For nano-second level analysis:
# Install precision timing tools
sudo apt install linuxptp ethtool tuned-utils
Run these on both hosts:
# Check NIC interrupt coalescing
ethtool -c eth0
# Verify DMA settings
cat /proc/interrupts | grep eth0
# Check kernel bypass capabilities
sudo ethtool -k eth0 | grep hw-tc-offload
Key switch parameters affecting sub-1ms latency:
# Sample output to verify (Cisco/Juniper syntax)
show interface xe-0/0/0 | match "cut-through|store-and-forward"
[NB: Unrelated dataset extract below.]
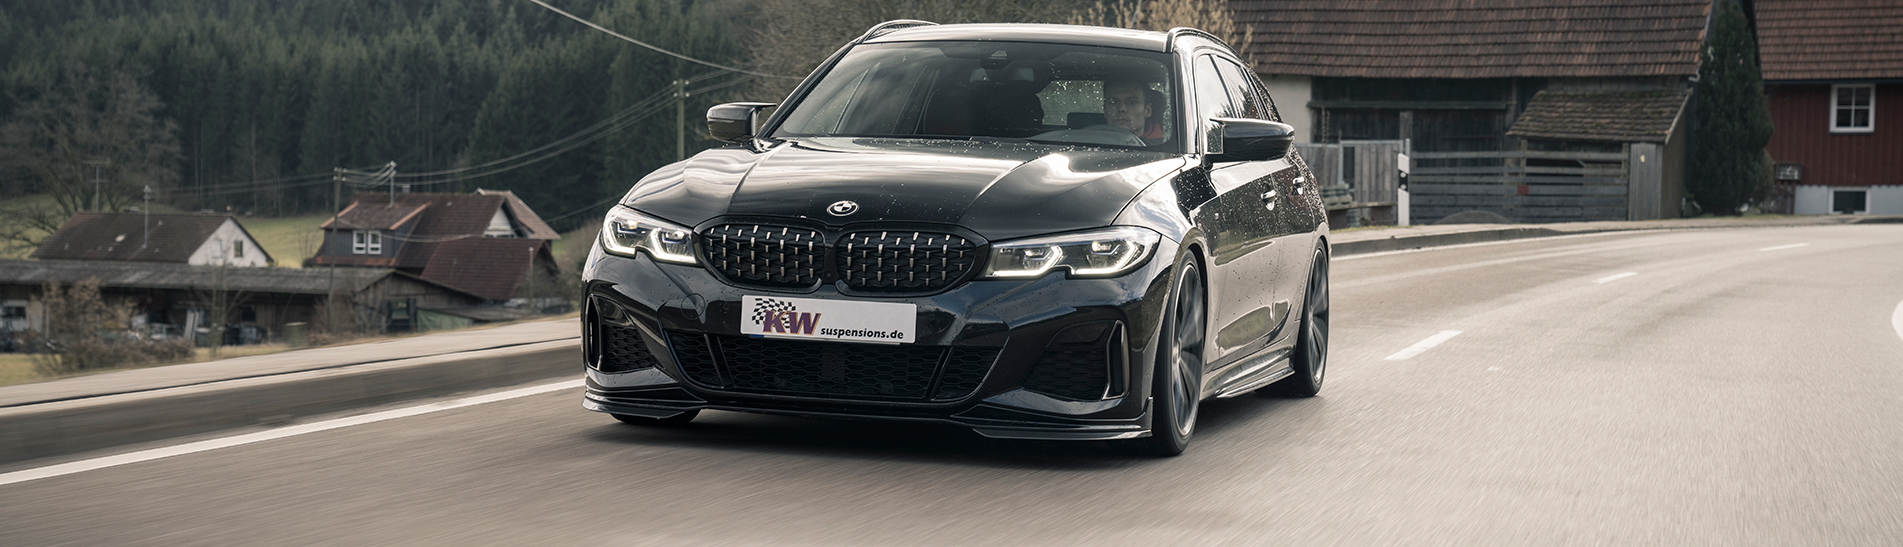 KW Tuning: BMW 3er Touring G21 mit Gewinde-Fahrwerk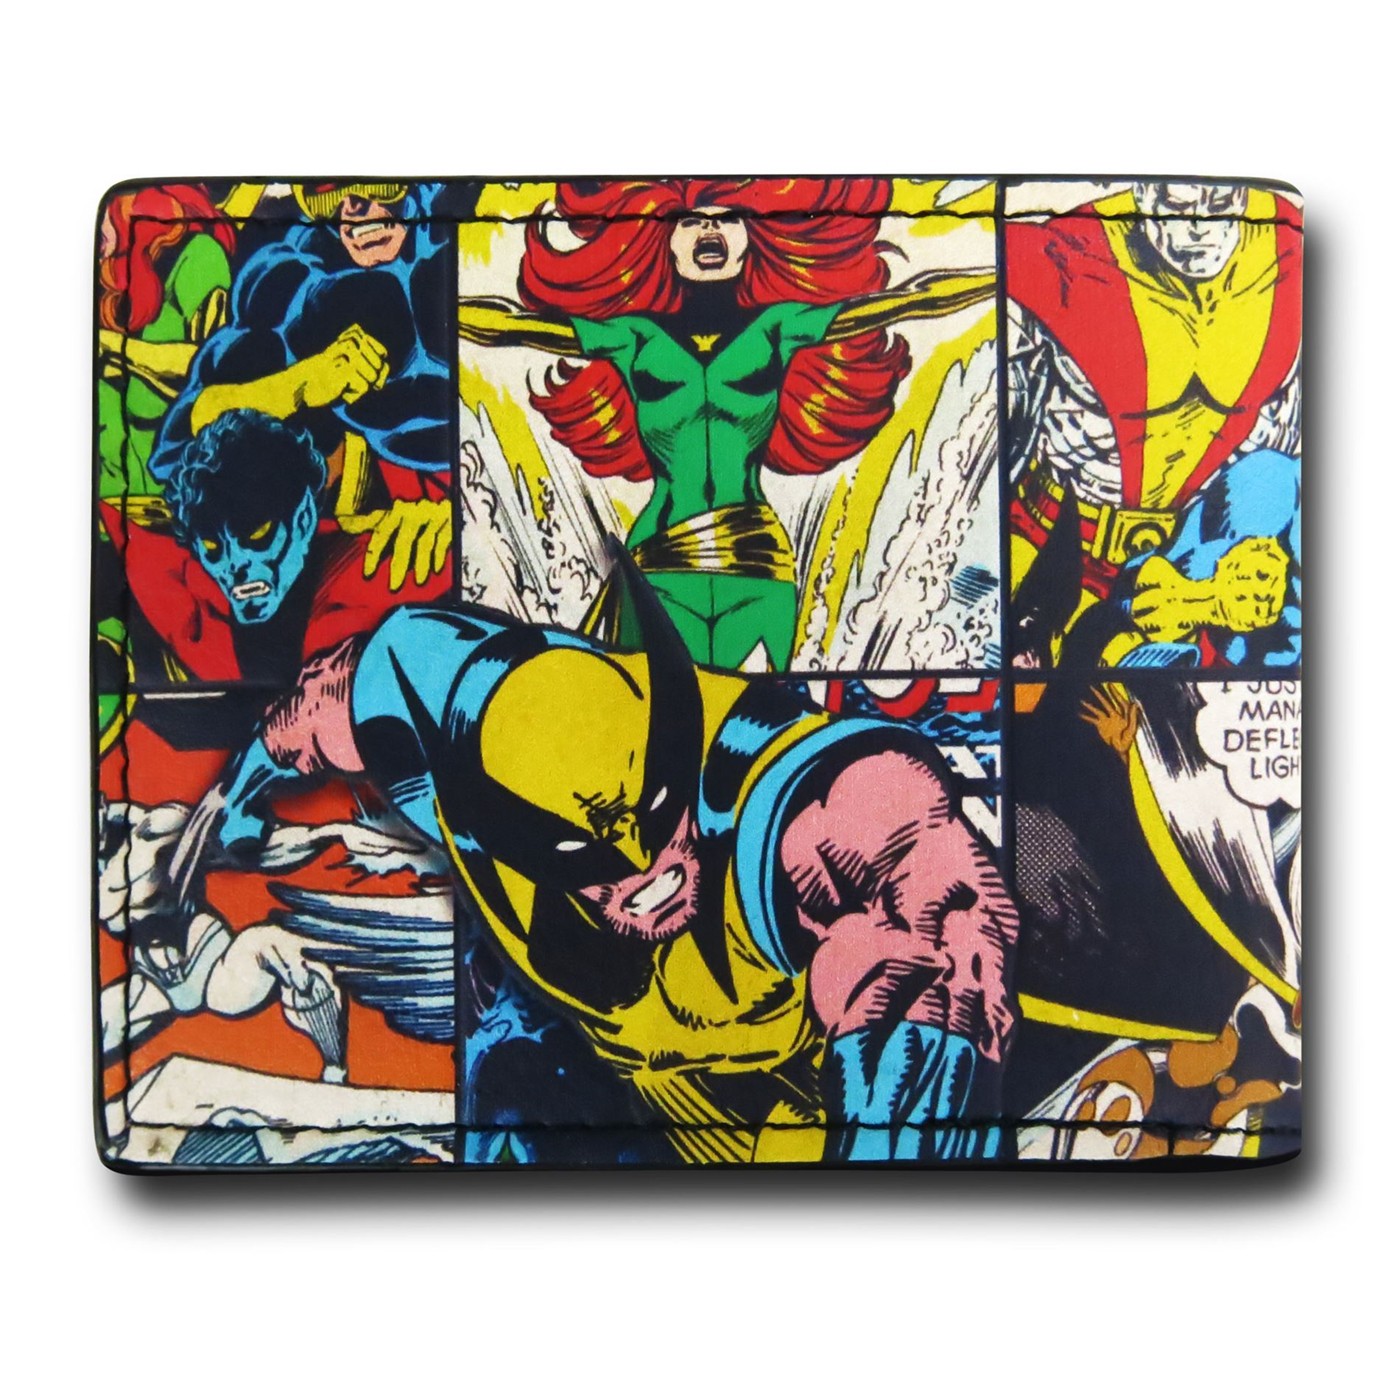 X-Men Comic Collage Bi-Fold Wallet

# Should return "cut-through" for lowest latency
Critical /etc/sysctl.conf parameters:
net.core.rmem_max=16777216
net.core.wmem_max=16777216
net.ipv4.tcp_no_metrics_save=1
net.ipv4.tcp_low_latency=1
For UDP-based high frequency messaging:
// C example using SO_TIMESTAMPING
int flags = SOF_TIMESTAMPING_TX_HARDWARE |
SOF_TIMESTAMPING_RX_HARDWARE |
SOF_TIMESTAMPING_RAW_HARDWARE;
setsockopt(sock_fd, SOL_SOCKET, SO_TIMESTAMPING, &flags, sizeof(flags));
Use TDR (Time Domain Reflectometer) commands if supported:
# Intel NIC example
ethtool --cable-test eth0
In financial trading systems where we reduced latency from 0.25ms to 0.09ms by:
- Enabling NIC kernel bypass (DPDK)
- Configuring switch port buffers to 64 bytes
- Using kernel-bypass libraries like libfabric